Ted made it to his chair and sat down. Everywhere he looked, he saw Trudy’s face. All the kids in the water, all the buxom girls sun-worshipping, all the moms and dads, applying sunscreen to their kids…they all had her face. They all spoke in Trudy’s voice. Ted closed his eyes and shook his head violently. When he opened them again, all was back to normal. The college boys were college boys, the mom and dads were mom and dads, the girls with their cleavage…
“Damn,” Ted muttered to himself, grabbing a beer out of the cooler. “Damn bitch still wants to nag me.” He opened the beer and took a swig. It was cold and good. As he raised the beer to his lips again, he heard her voice come from the bottle. “From the Mississippi to the Gulf of Mexico, Ted. Right here.
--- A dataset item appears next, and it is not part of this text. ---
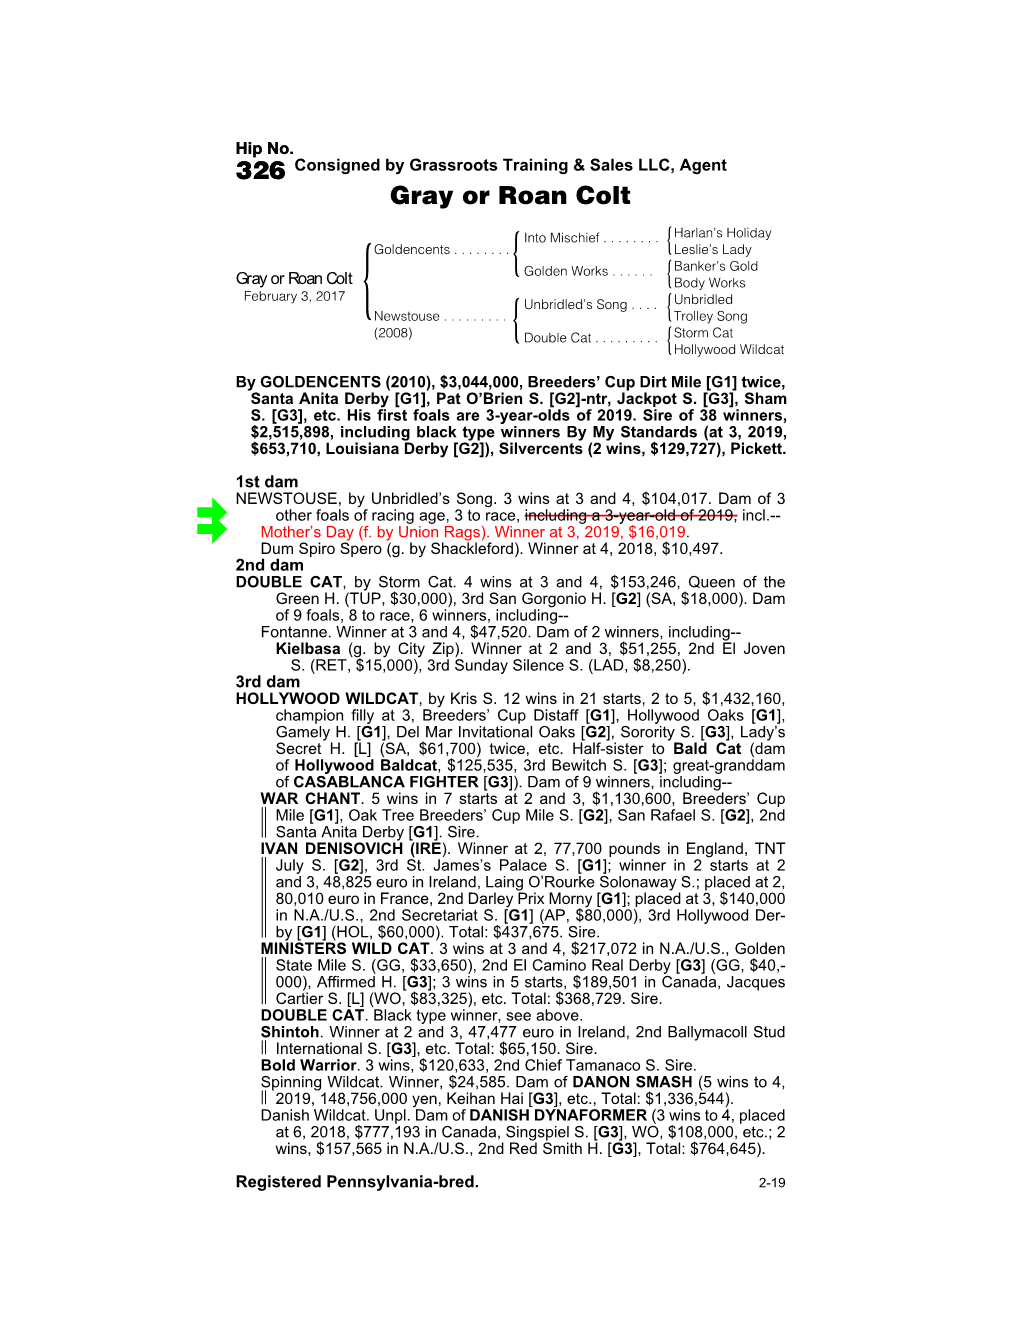 326 Consigned by Grassroots Training & Sales LLC, Agent Gray Or Roan Colt
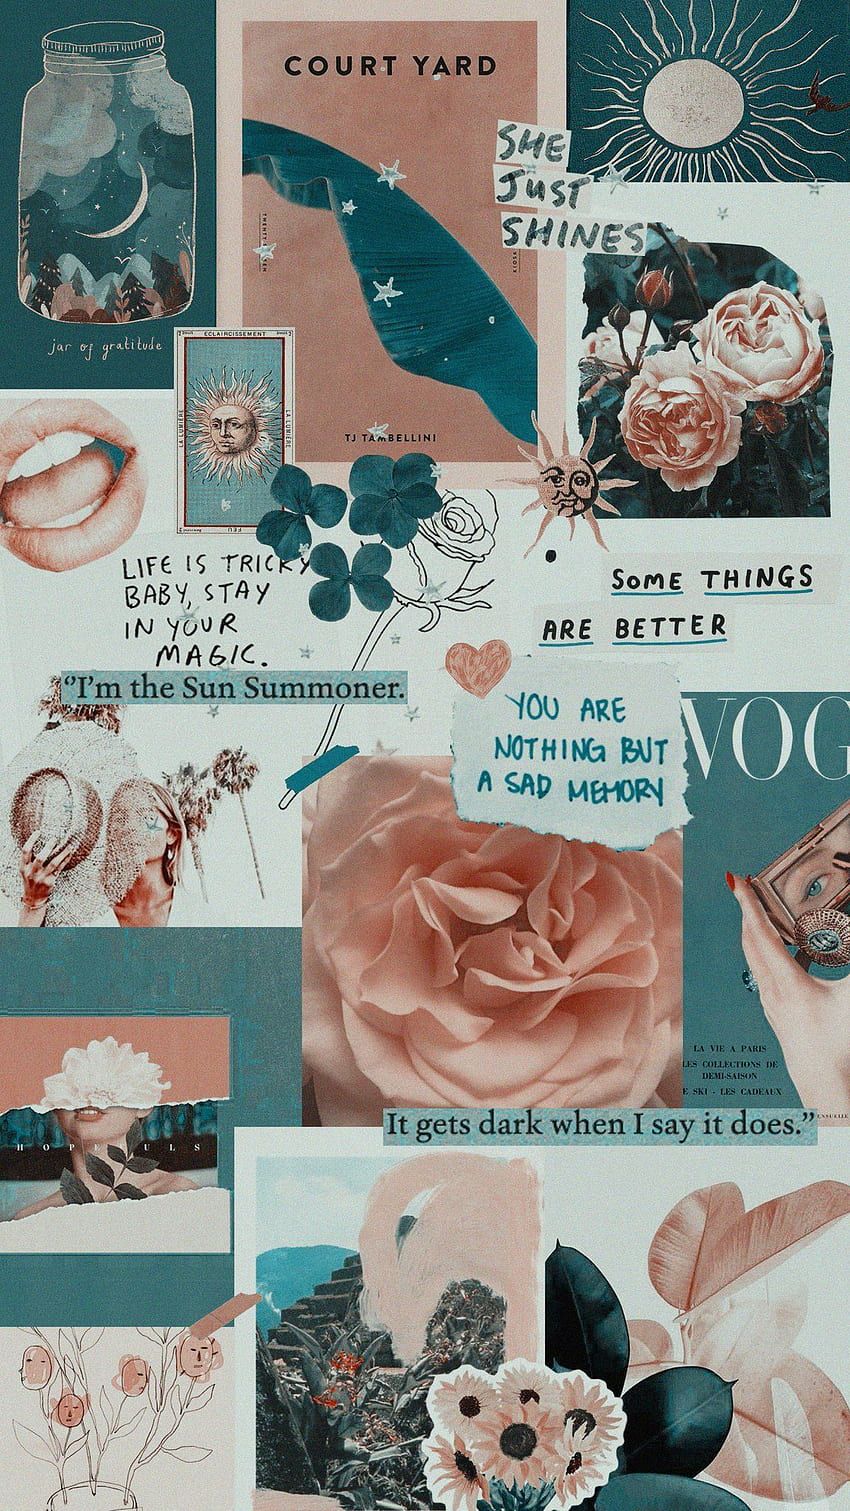 A collage of vintage aesthetic images, including flowers, a sun, and a quote. - Retro

From the gulf to your mouth, in your hair, in your pores. I just caressed your whole body, Ted. Didn’t you feel it? I rubbed you all over, just like you used to like. I rubbed you good. If you could still get it up, I bet you would have. You swallowed me down, Ted. Now I’m inside you. Now I’m everywhere you are. Now I’ll never leave you, Ted. Never, Ted. I’ll never leave you!
Ted stopped up and dropped the beer. The amber fluid soaked into the ground. His stomach turned, and he puked. Some of the vomit splashed up onto his legs. All around him, the beachgoers stared at him. They were once again Trudy. They were all Trudy. That bitch! He stood there, looking back at them. One by one, they turned away. He used his foot to cover the vomit with the white beach sand. That bitch, that bitch, that bitch! Ted’s hands were shaking. He thought he was going to cry. He looked back at the condominium. There was a sink there, a toilet, a shower. That was no good. It didn’t really matter. She was in him. He knew it. Trudy was a bitch, but she wasn’t a lying bitch. She was in him. She would always be in him. There was no escape. Ted walked towards the gulf. There was no escape. There was no escape from Trudy.
Defeated, Ted walked into the water.